Source data
-- Opening Marker --
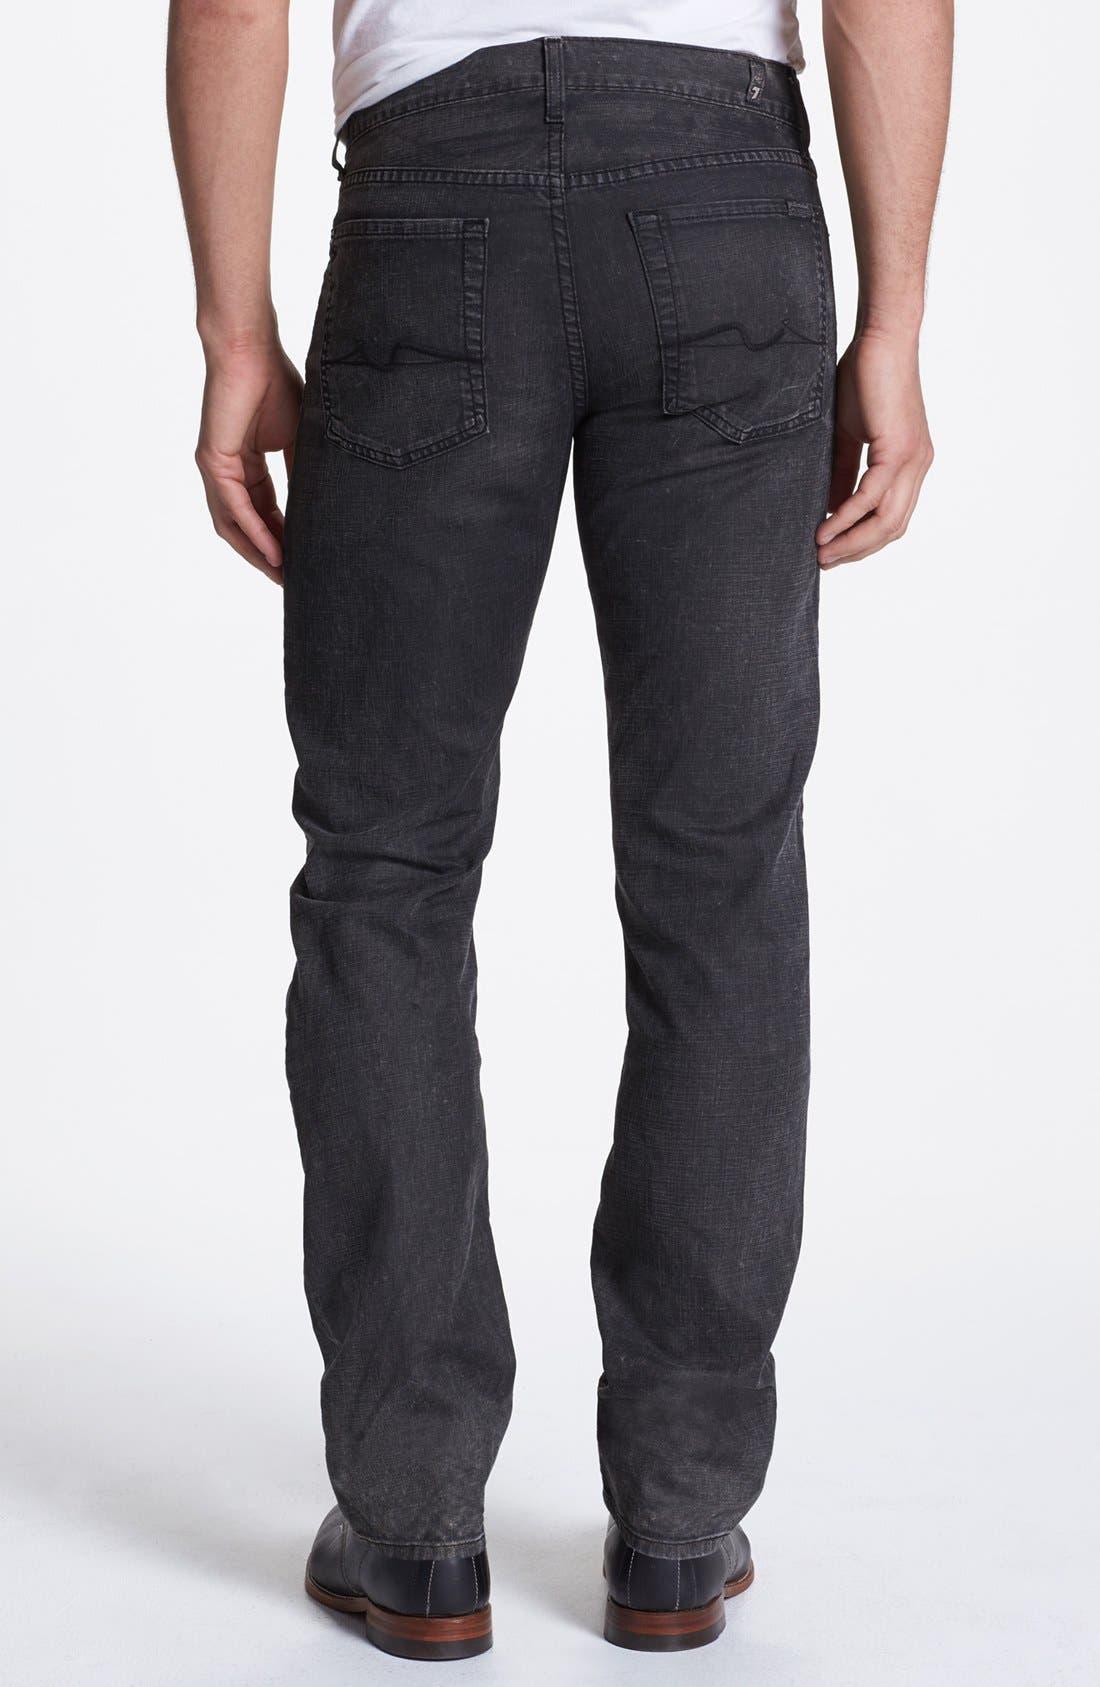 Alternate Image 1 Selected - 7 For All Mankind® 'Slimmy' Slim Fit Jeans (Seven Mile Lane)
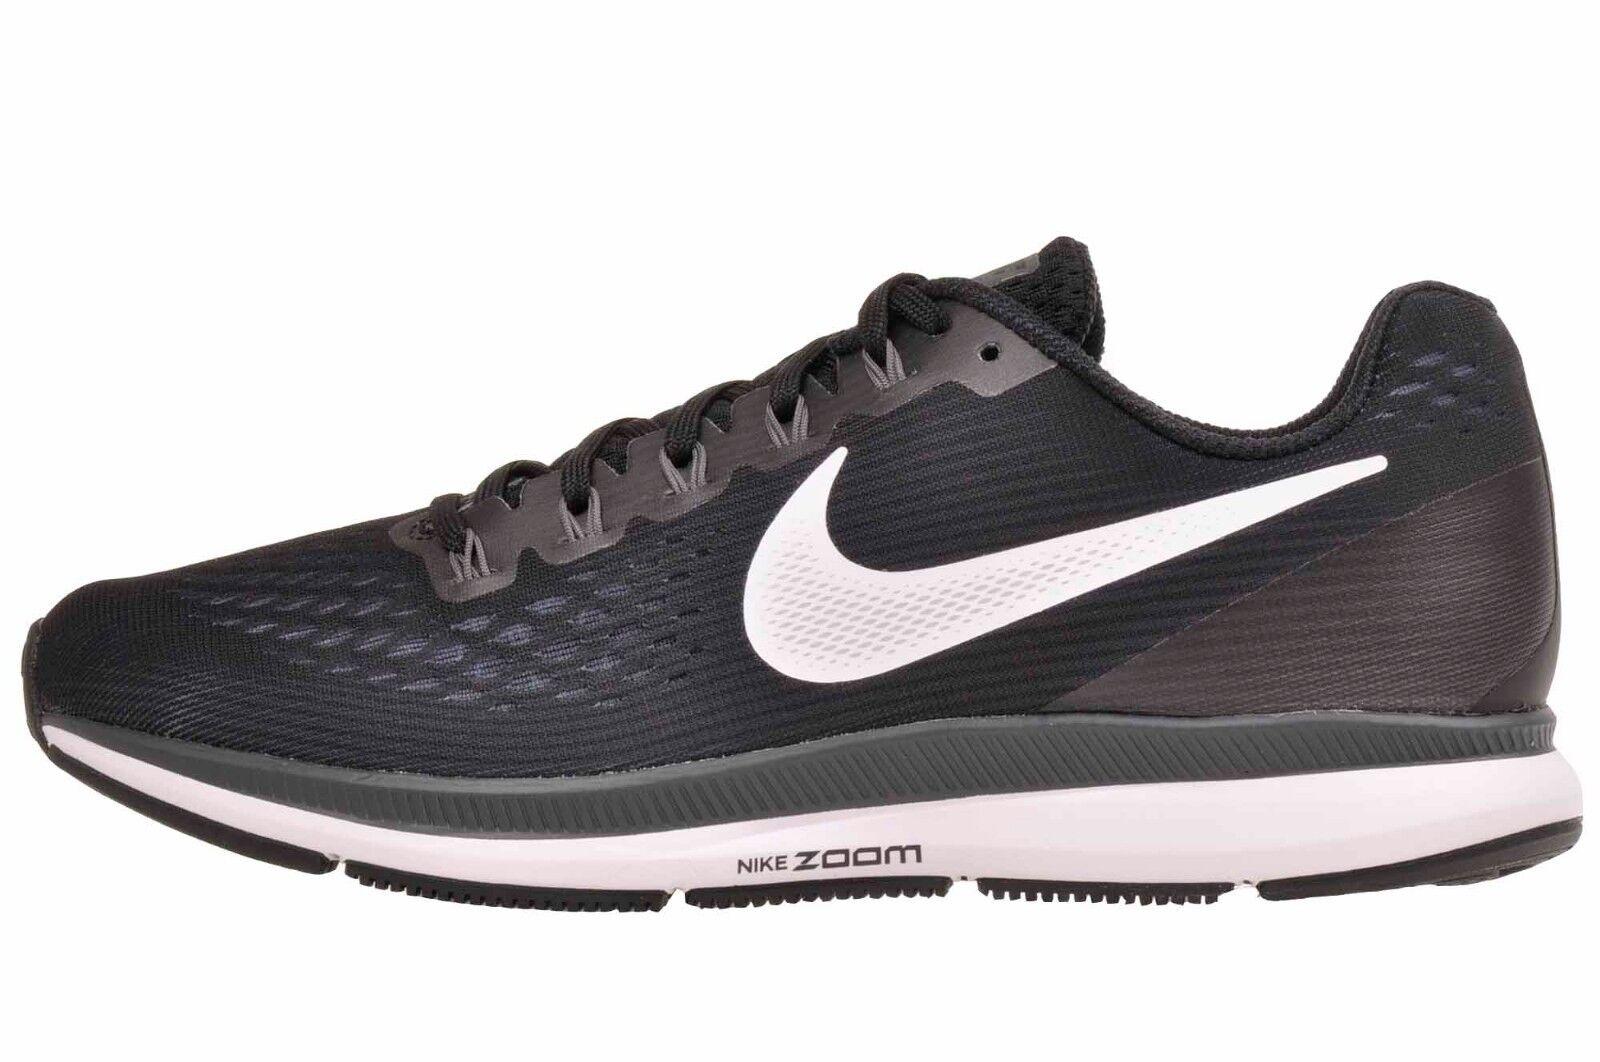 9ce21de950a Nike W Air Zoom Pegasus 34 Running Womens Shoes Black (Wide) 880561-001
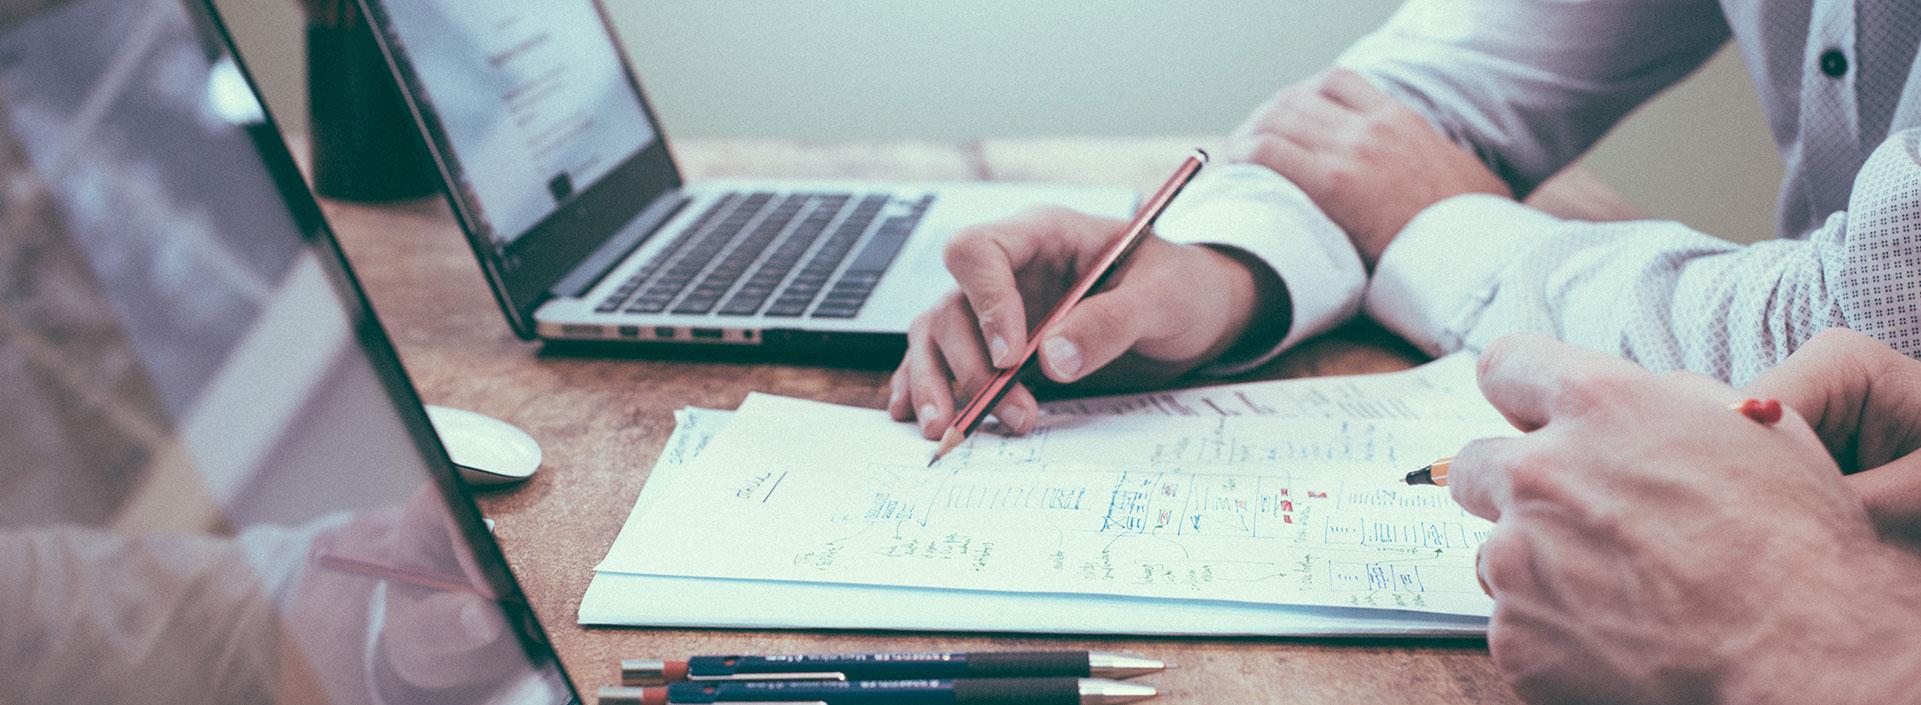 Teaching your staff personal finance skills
-- Closing Marker --
When you find the line that contains "9ce21de950a Nike W", retype it and every line after it through the end of the data above, exactly, with no pictures.

Answer
 9ce21de950a Nike W Air Zoom Pegasus 34 Running Womens Shoes Black (Wide) 880561-001
 Teaching your staff personal finance skills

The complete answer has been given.